Pre-Conference Workshops 2008

Workshop Registration and Locations

Registration for the workshops is now closed. Both workshops are held at the Leavey Program Room in The Leavey Center (new window) on campus. All workshop participants should check-in at the registration desk before going to the workshops. The registration desk on Thursday will be in the ICC building, on the 4th floor (next to the elevators) from 8:30 – 12:30. Participants can collect their conference materials at the registration desk.


Thursday, March 13th 
10:00AM-12:00PM
First-person Narratives in Classroom, Media and Interview Discourse:
Why are they powerful? And how can we analyze their power?

Stanton Wortham, University of Pennsylvania

First-person narratives have powerful implications for self-construction and for their capacity to represent and evoke emotional responses. This workshop explores one source of first-person narratives’ power: narrators double their roles because they become both characters in narrated events and actors in narrating events. An outcome of this duality – and another source of power – is that narrators often communicate about their dual roles in different realms simultaneously with audience members.

This workshop provides the following:

  • training in both conceptual and discourse analytic tools for exploring how first-person narratives communicate about (a) events that happened to the narrator, and (b) events that the narrator and audience members are enacting together through (or alongside) the storytelling
  • provision of concrete methodological guidelines for analyzing first-person narrative discourse
  • exploration of how relations across the narrated and narrating events enrich rhetorical and personal resources
  • develops an appreciation of narrators’ flexible deployment of resources to accomplish reference and action across interactional time
  • creates opportunities to use the discourse analytic tools provided, and follow the guidelines, on actual data from classroom, media and interview discourse.

Thursday, March 13th
12:30-3:30PM
Teaching Narrative: a Portable Pursuit
How and why do we engage students in the study of narrative?
Michael Bamberg, Clark University
Patricia O’Connor, Georgetown University
Deborah Tannen, Georgetown University

This will be an interactive workshop on the methods, goals, and theoretical underpinnings of teaching narrative in a variety of disciplines.
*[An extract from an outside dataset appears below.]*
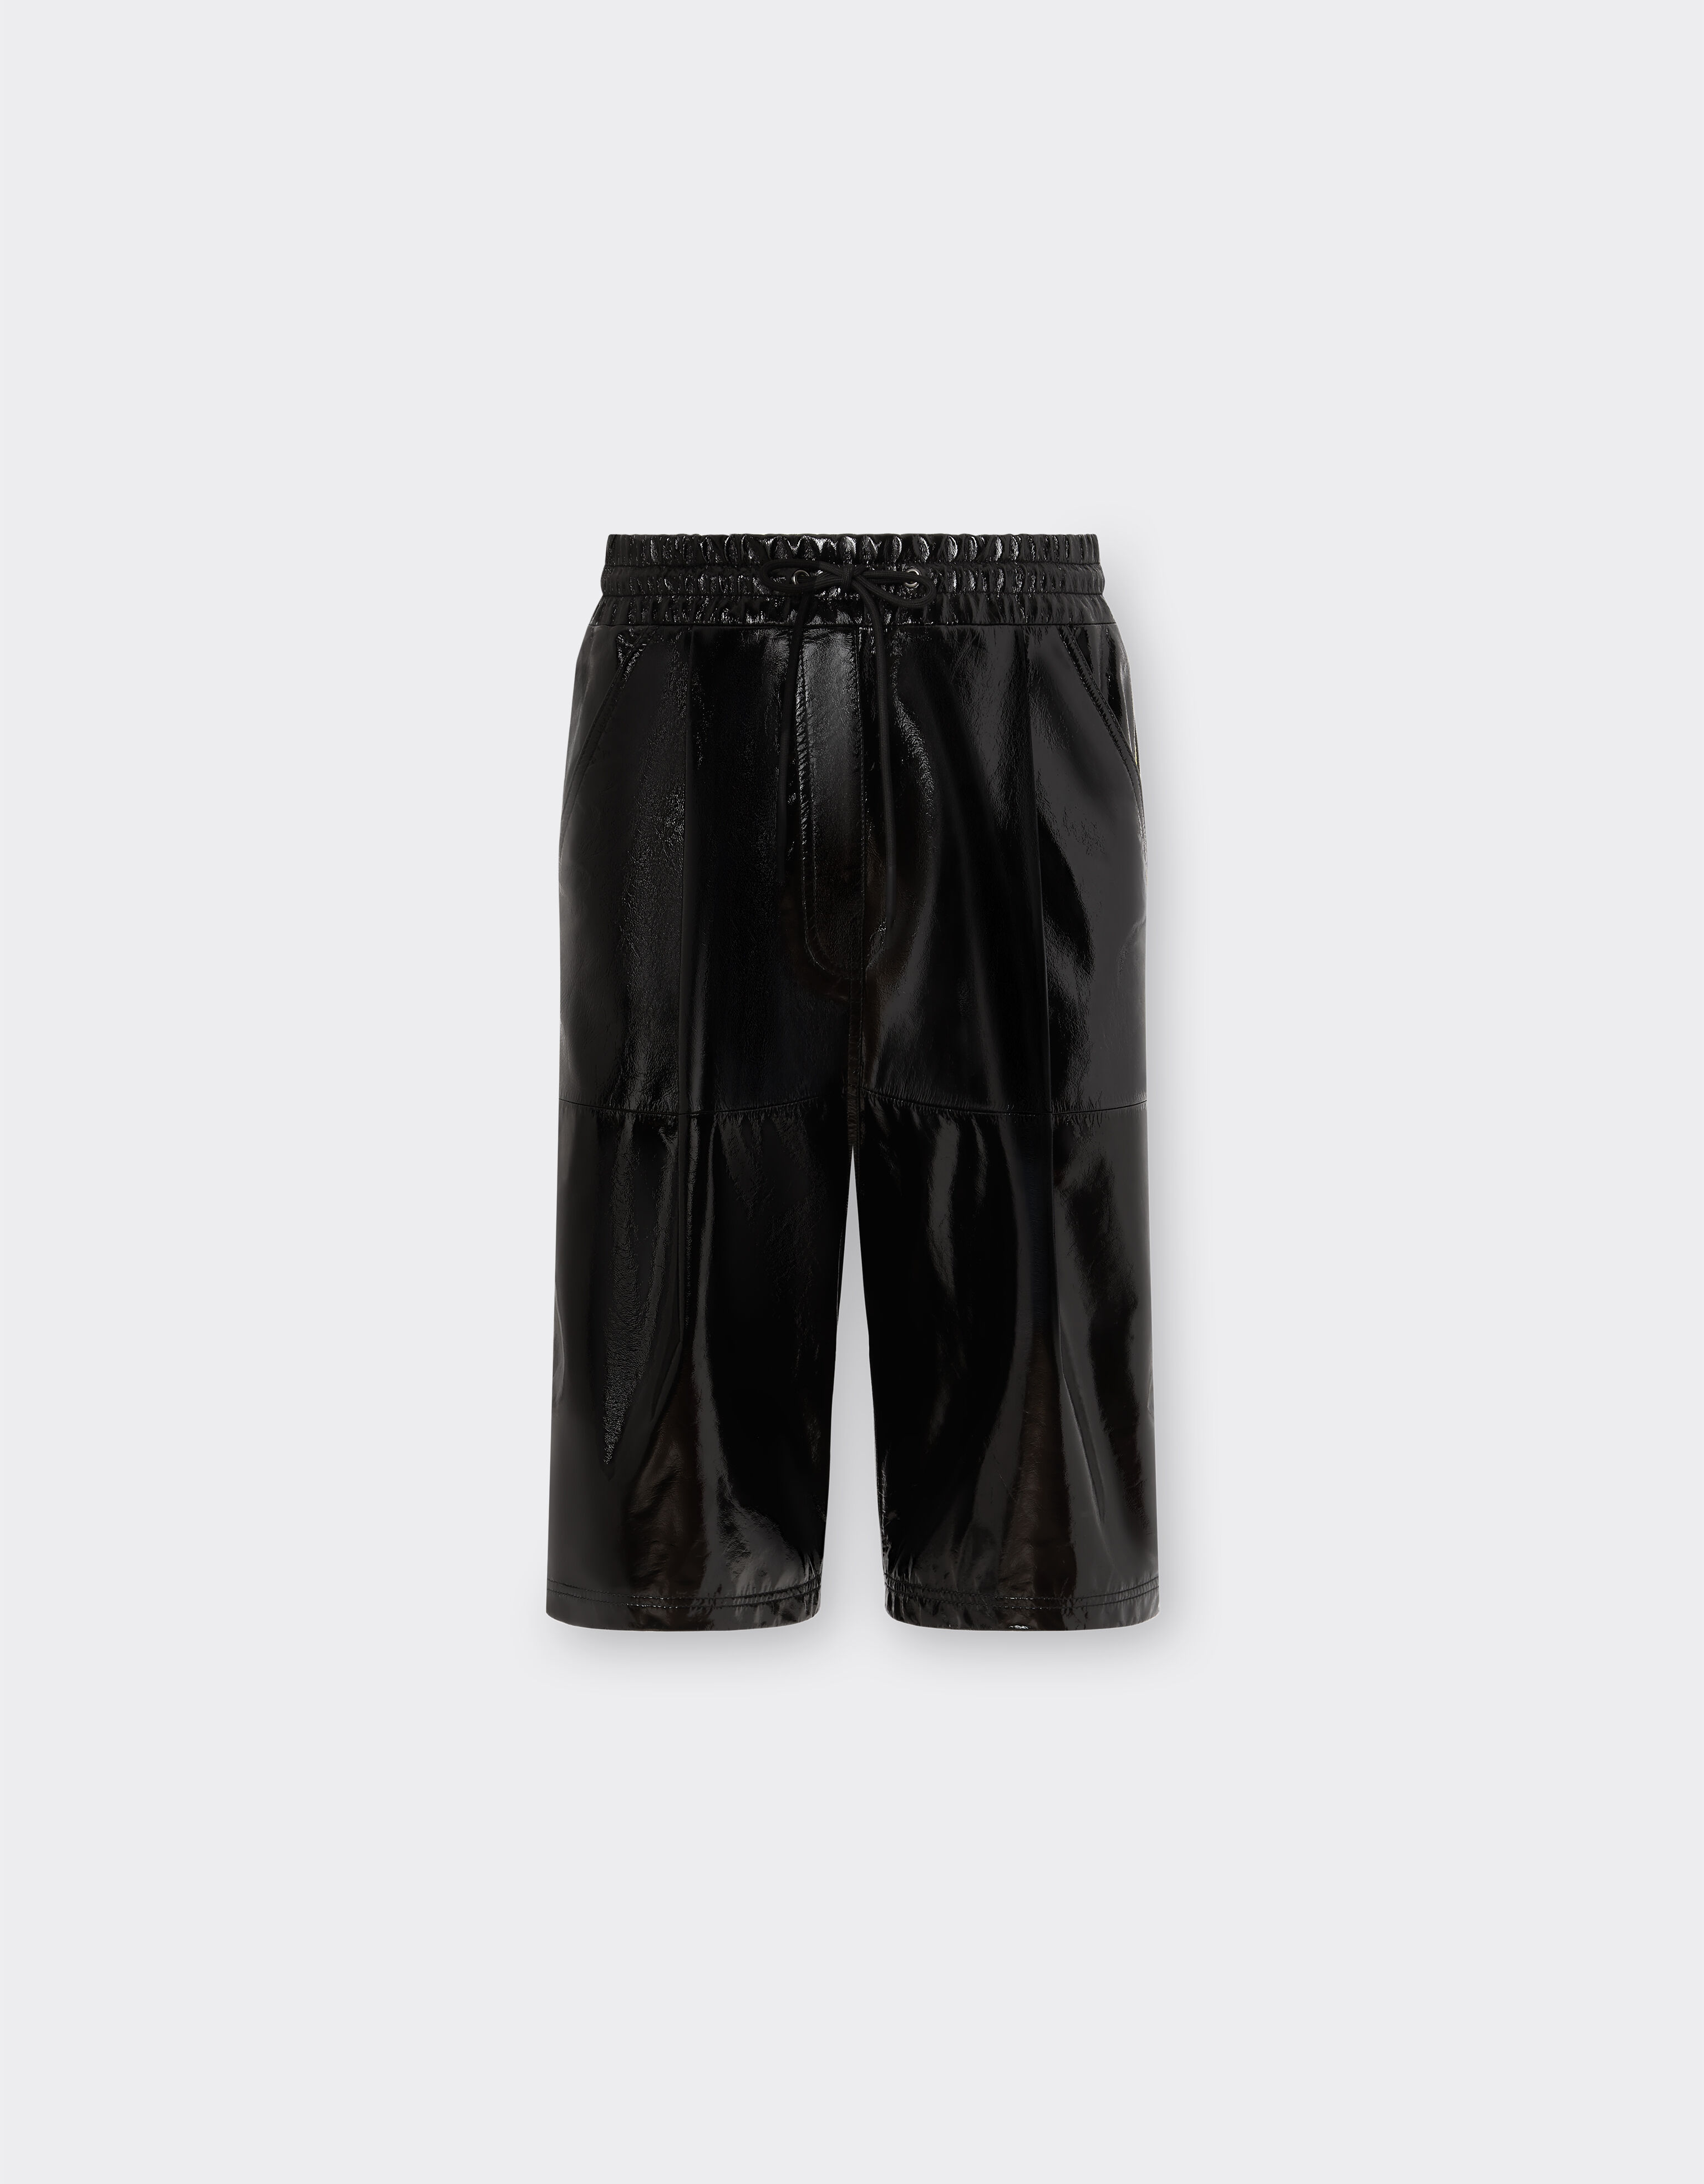 Ferrari Pantalones bermudas de piel acharolada con cinta de grogrén 3D Gris oscuro 21246f

The three coaches will describe ways that they have used the analysis of narrative in their classes; the motivation for these practices; some of the results they have experienced; and how their classes fit into the pedagogy of their respective disciplinary departments: Linguistics, English, and Psychology.

After introductory remarks from Deborah Tannen (Linguistics), Patricia O’Connor (English), and Michael Bamberg (Psychology) on their methods, participants will be invited to practice some of the investigation techniques by working in small groups to examine video materials in order to move from a broad analysis to more fine-grained approaches to nuances of narratives. Video material will assist us to recognize the importance of contexts and genres, features of involvement, issues of identity formation, etc., that are revealed in the narrative performances. We will consider how this can lead to further applications of the study of narrative.

Video materials include (10 minutes each):

  • On the Roof (O’Connor) — Videotape of Pat telling a “Most Amusing Moment” story of adolescence one summer when he and his male friends visit the home of some sisters whose parents are at work during the day.
  • Betty Tells Her Story (Bamberg) — A documentary by Liane Brendan (1972) in which Betty tells the same story twice of how she bought “the perfect dress.”